[CERPEN-AN] Selalu Ada Maaf untuk Cinta yang Tidak Pernah Salah

Cinta memiliki jalannya sendiri untuk bahagia

Entah apa yang membuatku tergerak dan melunakkan hatiku yang selama ini keras untuk kembali ke rumah. Kembali ke masa lalu dan memutar kembali roda kenangan yang pernah aku jalani dulu.
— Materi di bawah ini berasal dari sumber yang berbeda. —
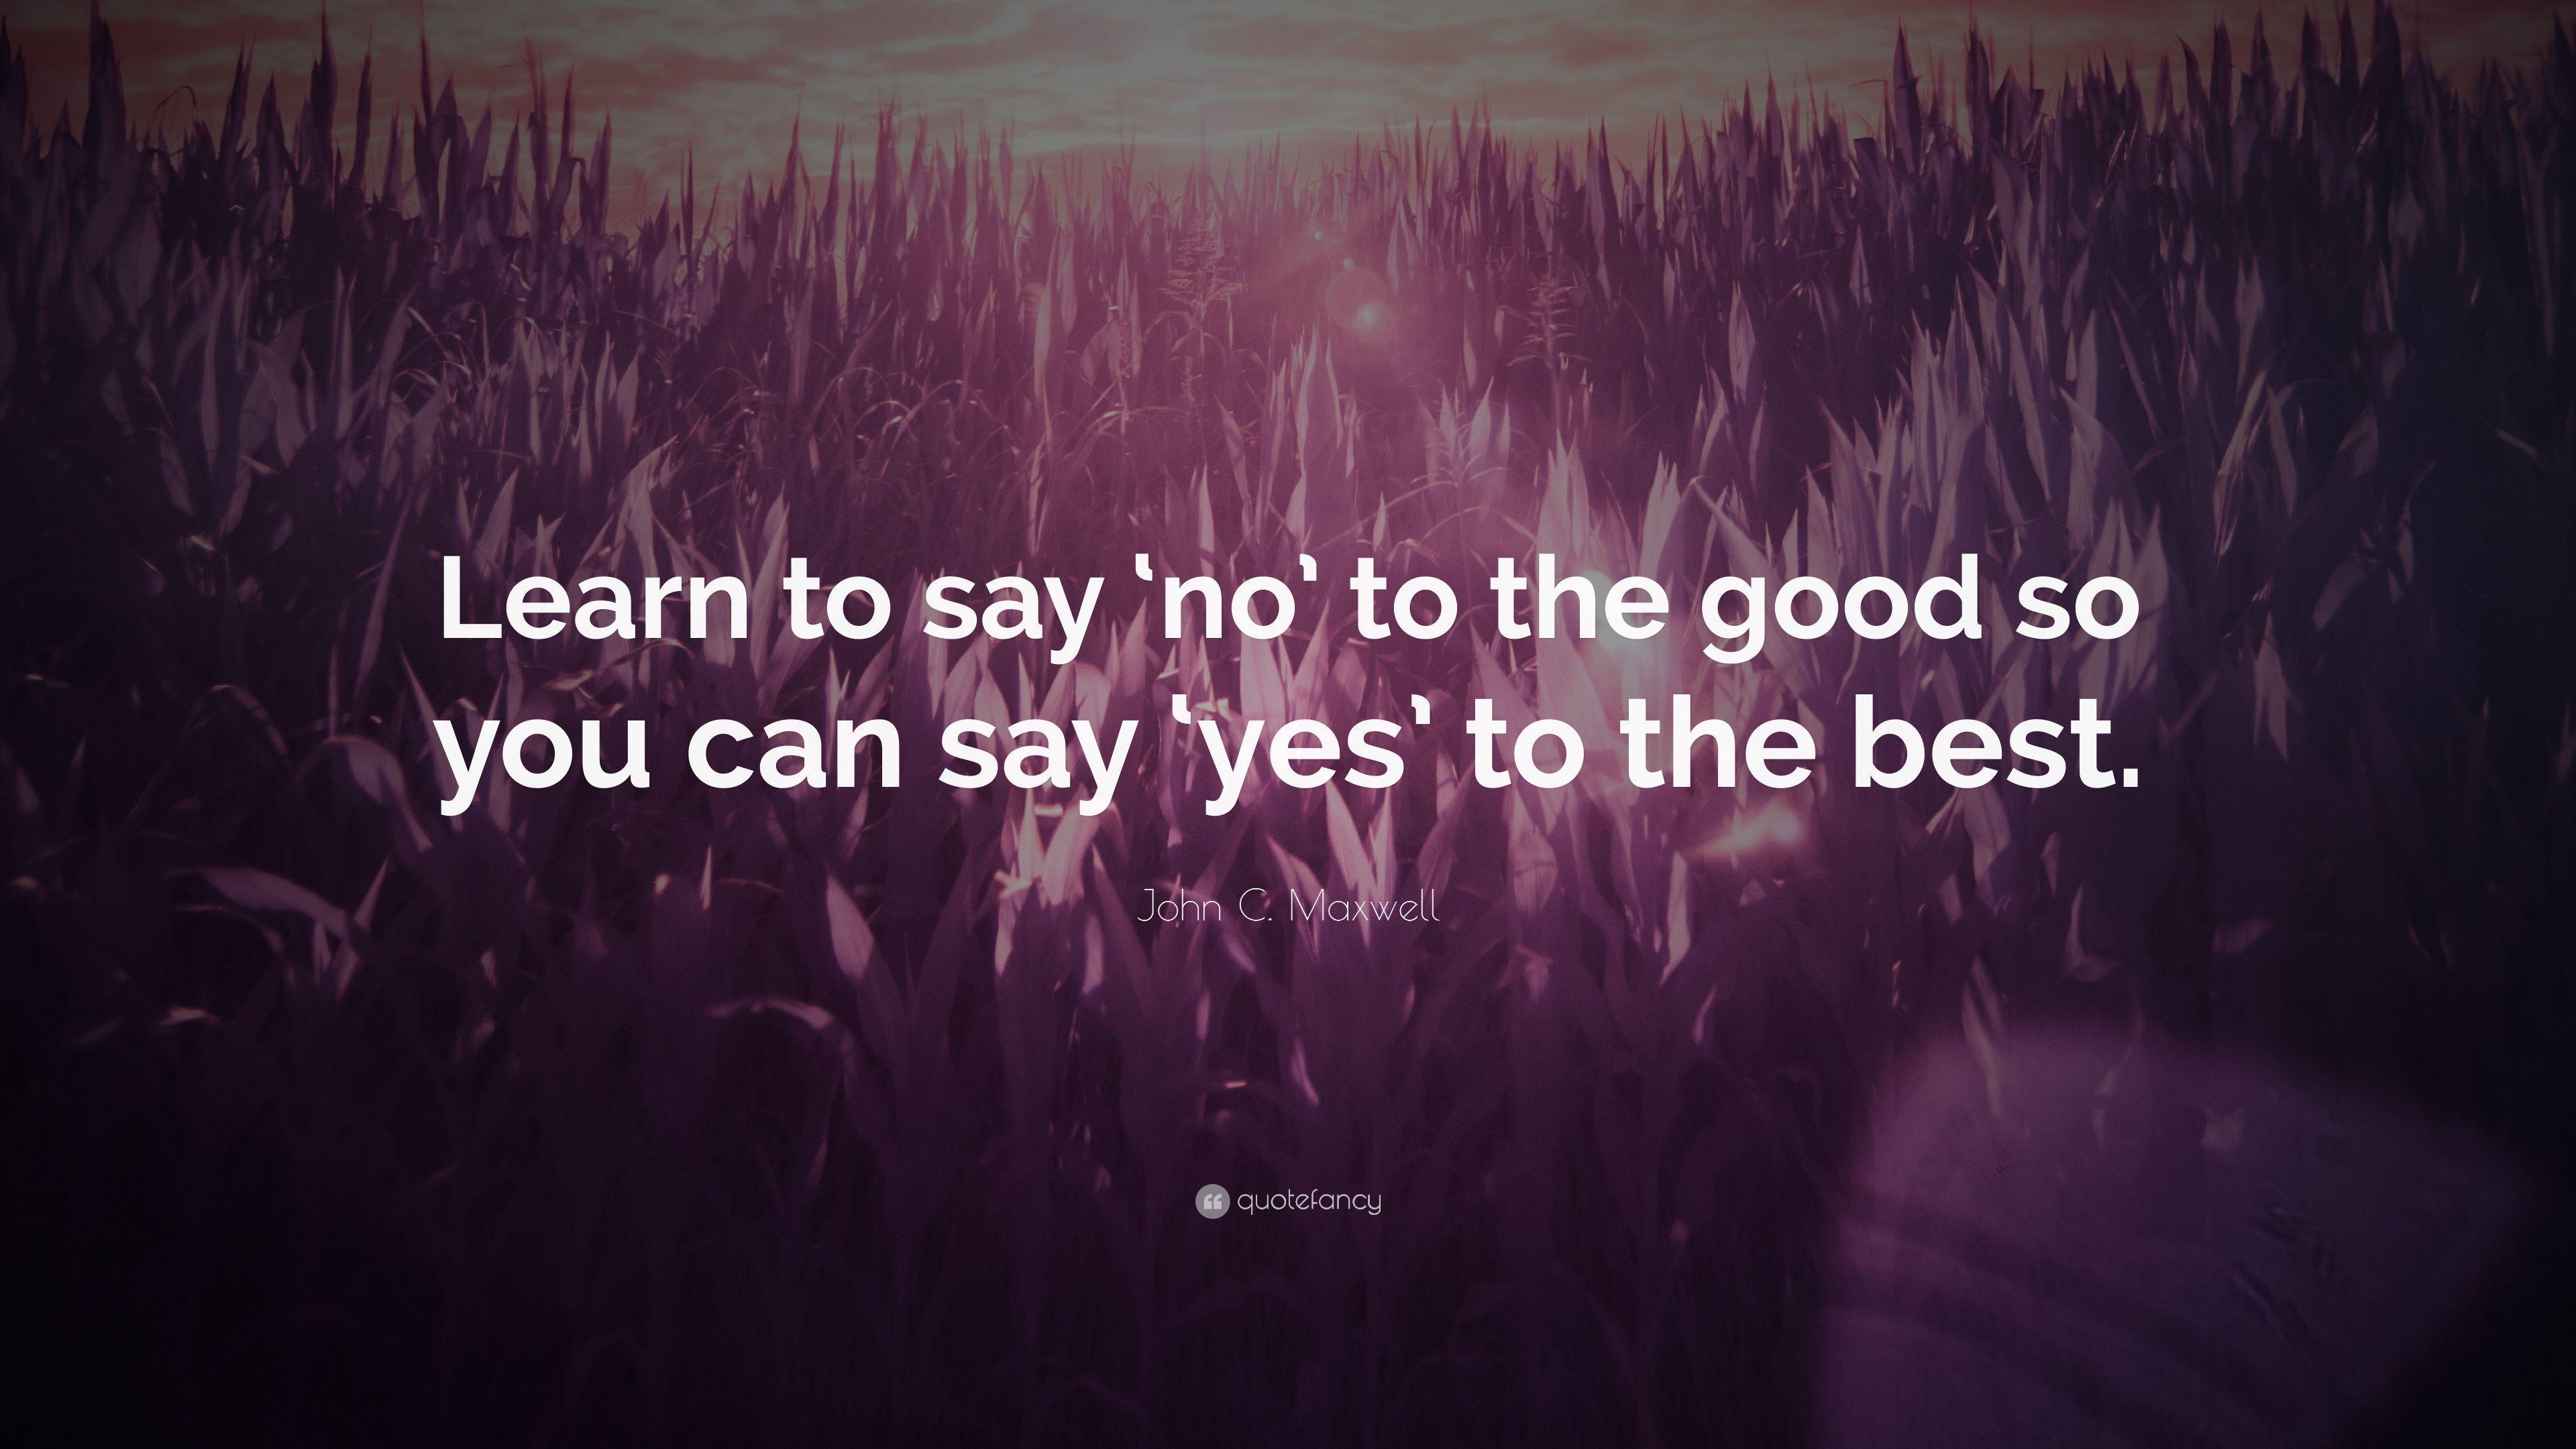 John C. Maxwell Quote: "Learn to say 'no' to the good so you...

Mengizinkan ingatan kembali mengarungi hari usang yang telah berlalu, sama dengan merasakan kembali perasaan dan sakit yang sama.

Sulit bagiku mengingat kenangan manis yang pernah aku buat dengan seseorang yang sampai saat ini akan tetap aku panggil Mama. Selain, tentunya, hanya kisah pahit. Bahkan, bisa dibilang buruk yang membekas kuat di ingatanku selama menjadi bagian dari mereka, Mama dan Kak Serein, yang tidak pernah gagal membuatku merasa hanya sosok asing yang tersesat dan tidak tahu harus ke mana mencari tempat berlindung.

Ada banyak alasan yang membuat aku enggan bertandang ke rumah Mama. Perasaan bahwa aku hanyalah seseorang yang tidak mereka harapkan–yang merusak kedamaian hidup Mama dan Kak Serein–sudah seperti alarm peringatan kalau aku tidak diterima di rumah itu. Sejak dulu, sejak Papa membawaku masuk dalam kehidupan keluarganya yang lain. Sejak aku berumur 4 tahun.

“Apa kabar, Kak?” sapaku lemah begitu Kak Serein membuka pintu. Mata kami terpaut. Setelah sekian lama, aku tidak pernah bisa berhenti mengaguminya. Sedingin dan secuek apa pun sikapnya dulu terhadapku.

Tak banyak yang berubah dari Kak Serein. Kakak yang diam-diam sangat aku kagumi. Namun, keadaan memaksa aku untuk menyimpan rasa itu. Bagaimana tidak, selama kami hidup bersama, kami seperti bukan saudara. Ada dinding tak kasatmata yang kami biarkan berdiri kukuh di antara kami. Mungkin, kami menyimpan akar pahit itu di hati kami masing-masing. Luka hati yang tanpa sadar kami biarkan tumbuh subur.

“Perlu waktu sembilan tahun bagimu untuk menyadari bahwa kamu masih punya seorang kakak,” sambut Kak Serein dengan senyum kaku. Dia memelukku erat, hangat, dan rasanya nyaman. Sesuatu yang tidak pernah aku rasakan dulu. Bahkan, aku merasa dia tidak pernah menyukai kehadiranku. Sikapnya yang cuek, menganggap aku tak kasatmata, membuatku tidak berani mengusik dan bersikap manja terhadapnya. Sama seperti sikap Mama kepadaku, bahkan lebih buruk untuk setiap kata-kata tajam menusuk hati yang terlontar dari mulutnya.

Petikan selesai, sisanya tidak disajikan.